Contents

1 The DPC plot doesn’t look like a good fit. Can I still go ahead with the analysis?

It is actually very hard to estimate the DPC from observed data, because the curve is a function of unobserved intensities rather than a function of the observed intensities. Datasets with outlier samples or a high proportion of DE peptides make it especially hard to estimate the curve.

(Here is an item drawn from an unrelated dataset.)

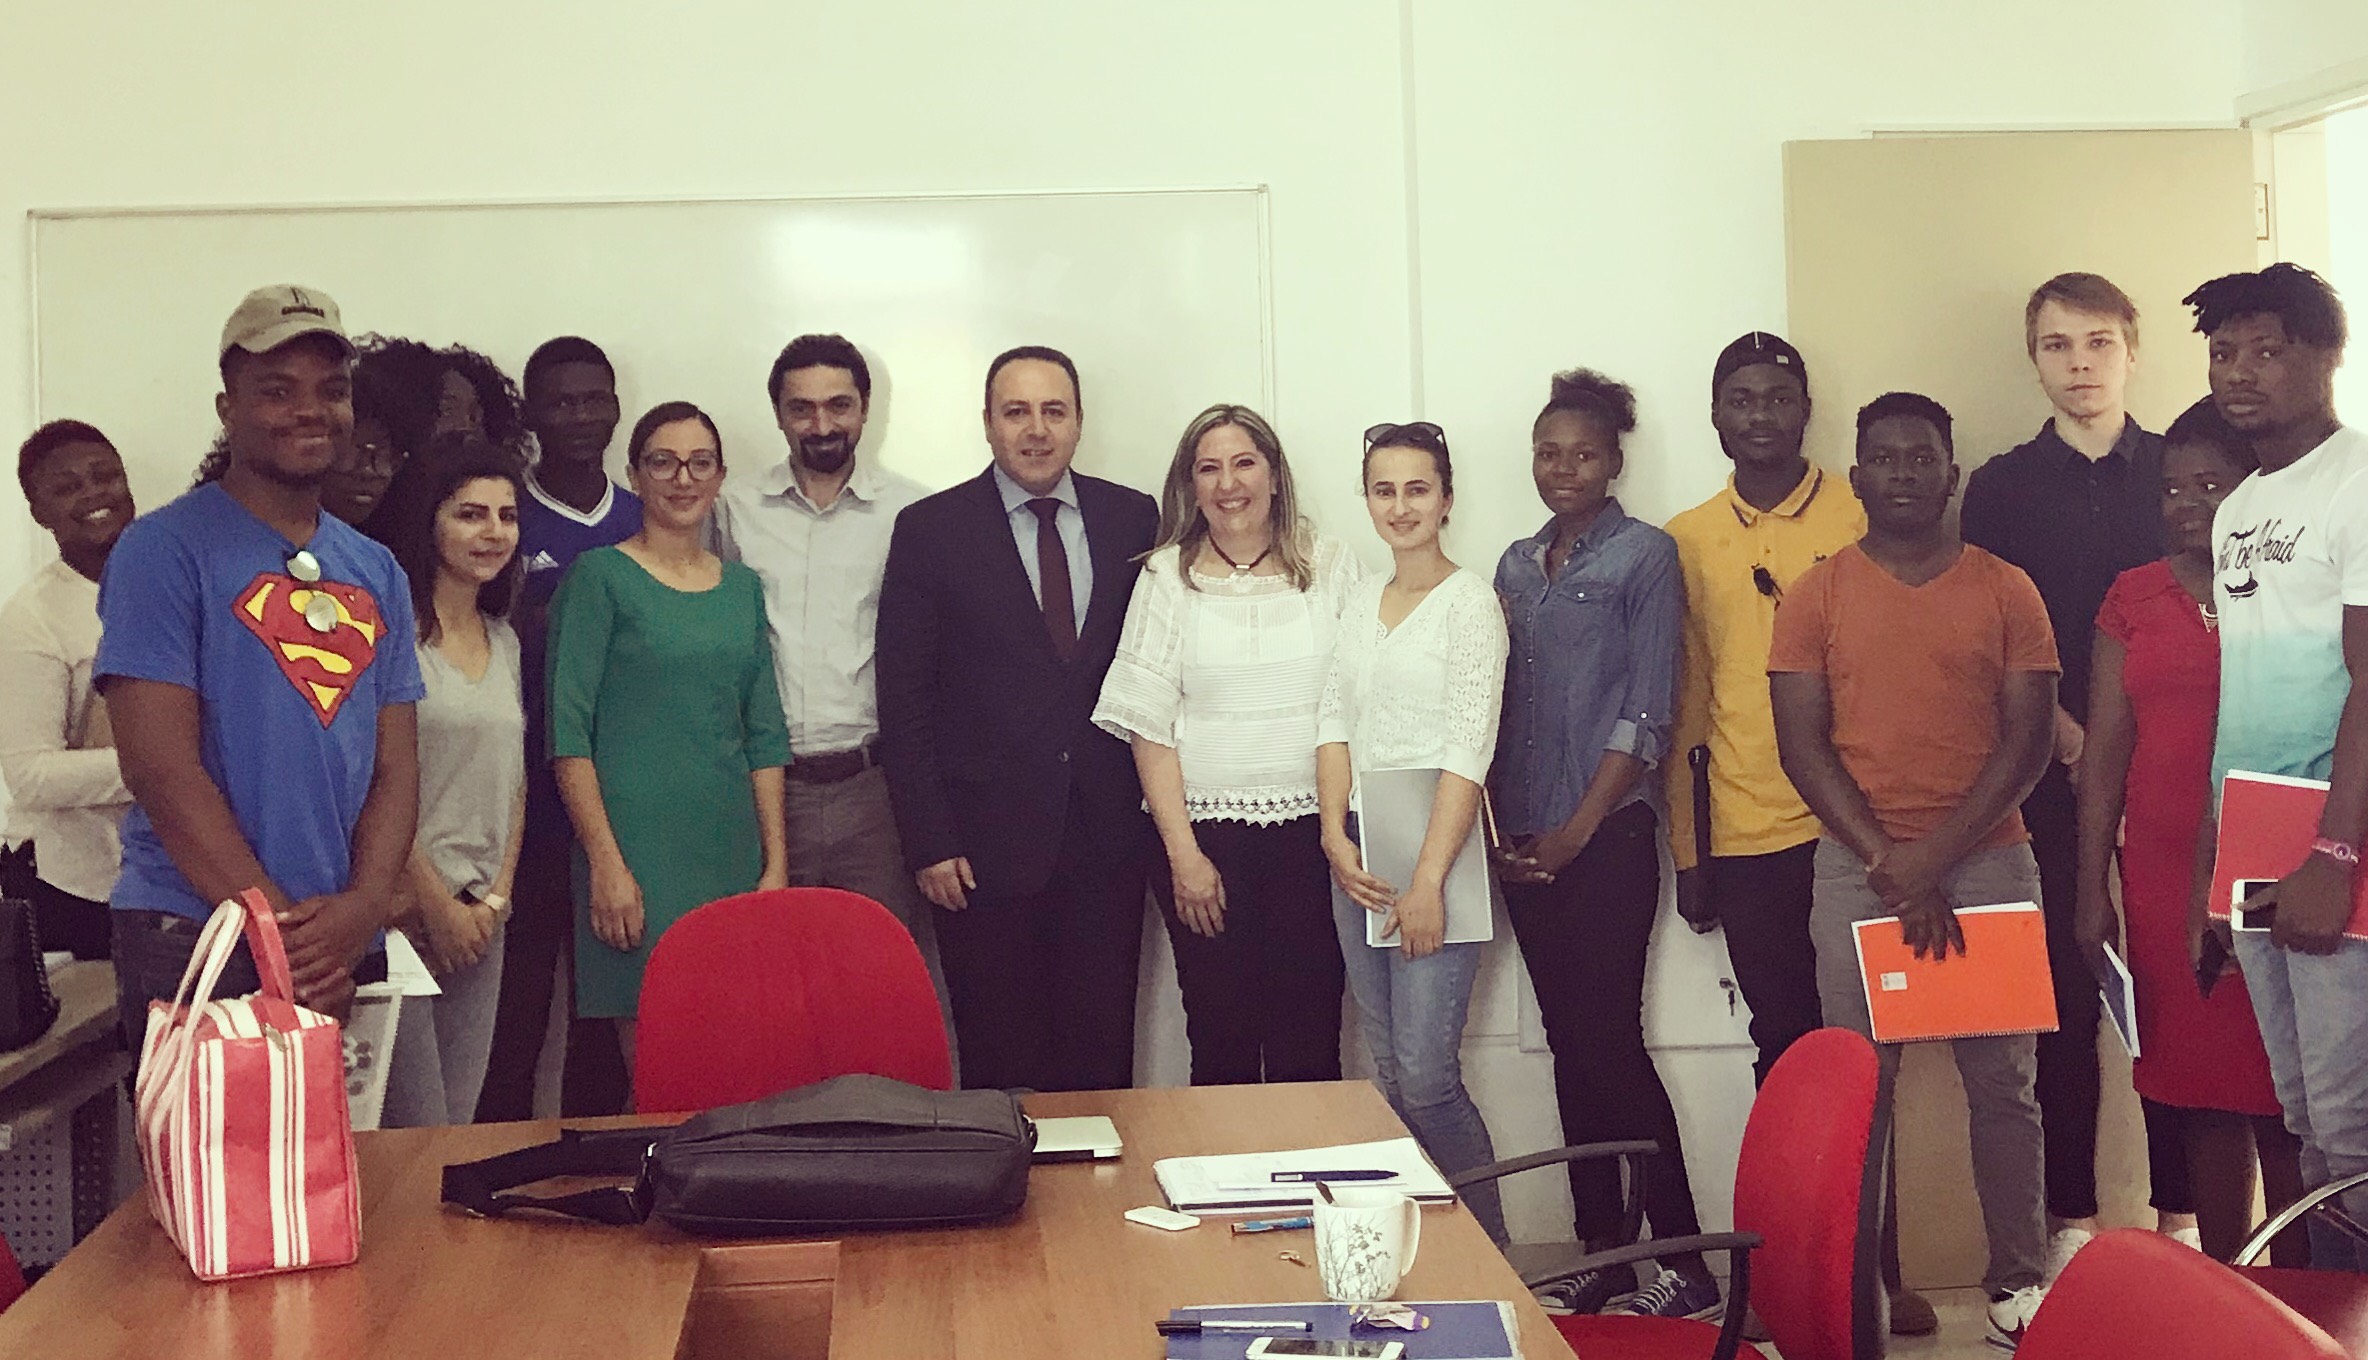 The Future of European Union and Cyprus were discussed at Near East University
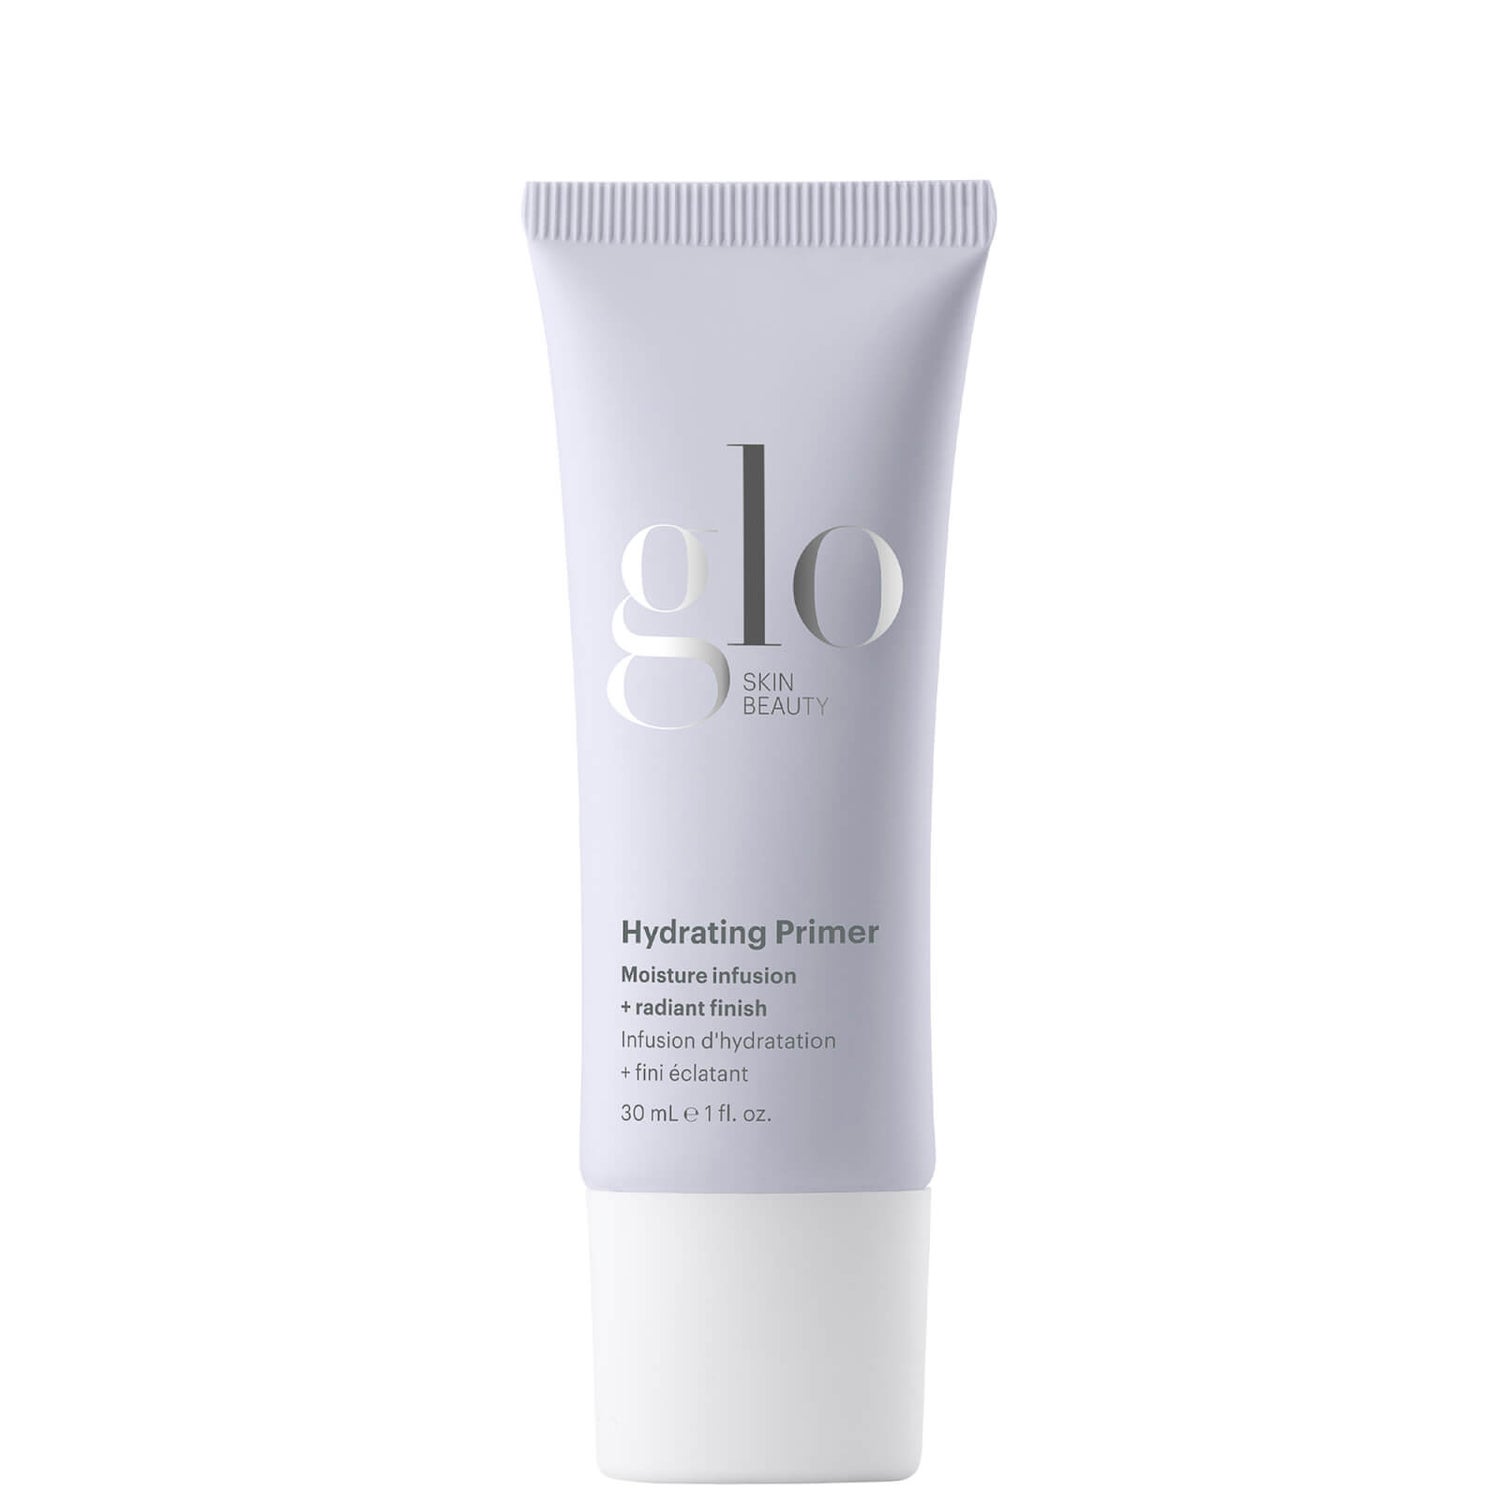 Glo Skin Beauty Hydrating Makeup Primer with Hyaluronic Acid for Dry/Dehydrated Skin 1 fl. oz

We suggest dpcCN() instead of dpc() with noisy data, because it is more robust to outlier samples. It will give quite a different looking plot than dpc() because it plots the curve vs estimated intensities instead of observed intensities. The DPC slope should generally be in the range of 0.1–1.0. We think it depends on the technology and quantification software settings but doesn’t vary much from dataset to dataset for the same technology. A range of 0.7-0.9 is generally appropriate for DIA-NN data with match-between-runs. If dpcCN() doesn’t give a value in that range, it would be reasonable to run dpcQuant() with a preset value dpc.slope=0.7.

The visual fit does not need to be good for the analysis to remain valid. The limpa analysis is not fragile and will continue to give reasonable results even if the DPC slope is somewhat misspecified. If dpcQuant() is run with a DPC slope that is lower than the true value, then the analysis will become more conservative but it won’t fall over, and it will remain more powerful than simply ignoring the missing values.

2 Can limpa be used for phosphoproteomics or to analyse other post-translational modifications (PTMs)?

Yes, limpa can operate on a matrix of log-intensities where each row corresponds to a protein modification and each column is a sample. For PTM analysis, each row is a unique feature to be retained for downstream analysis, so one runs dpcQuantByRow() instead of dpcQuant(). Otherwise, the limpa pipeline remains much the same.

Note that limpa is not designed to analyse input-normalized PTM site quantities or PTM stoichiometry proportions from Spectronaut v20. Quantities input to limpa should be feature intensities rather than ratios of intensities.

3 Can limpa be used to analyse differential isoform usage?

limpa can be used in conjunction with limma’s diffSplice() function to detect changes in the relative expression of different peptides for the same protein (differential peptide usage). An example analysis is shown here: https://smythlab.github.io/limpa/DiffPeptideUsage.html

4 Is limpa equivalent to imputation?

No, the main limpa pipeline is not a type of imputation. limpa produces a complete log-intensity matrix without NAs, but it does so by estimating protein expression parameters (log2-intensities) rather than by imputation. limpa does not treat the estimated expression parameters as if they were regular observations.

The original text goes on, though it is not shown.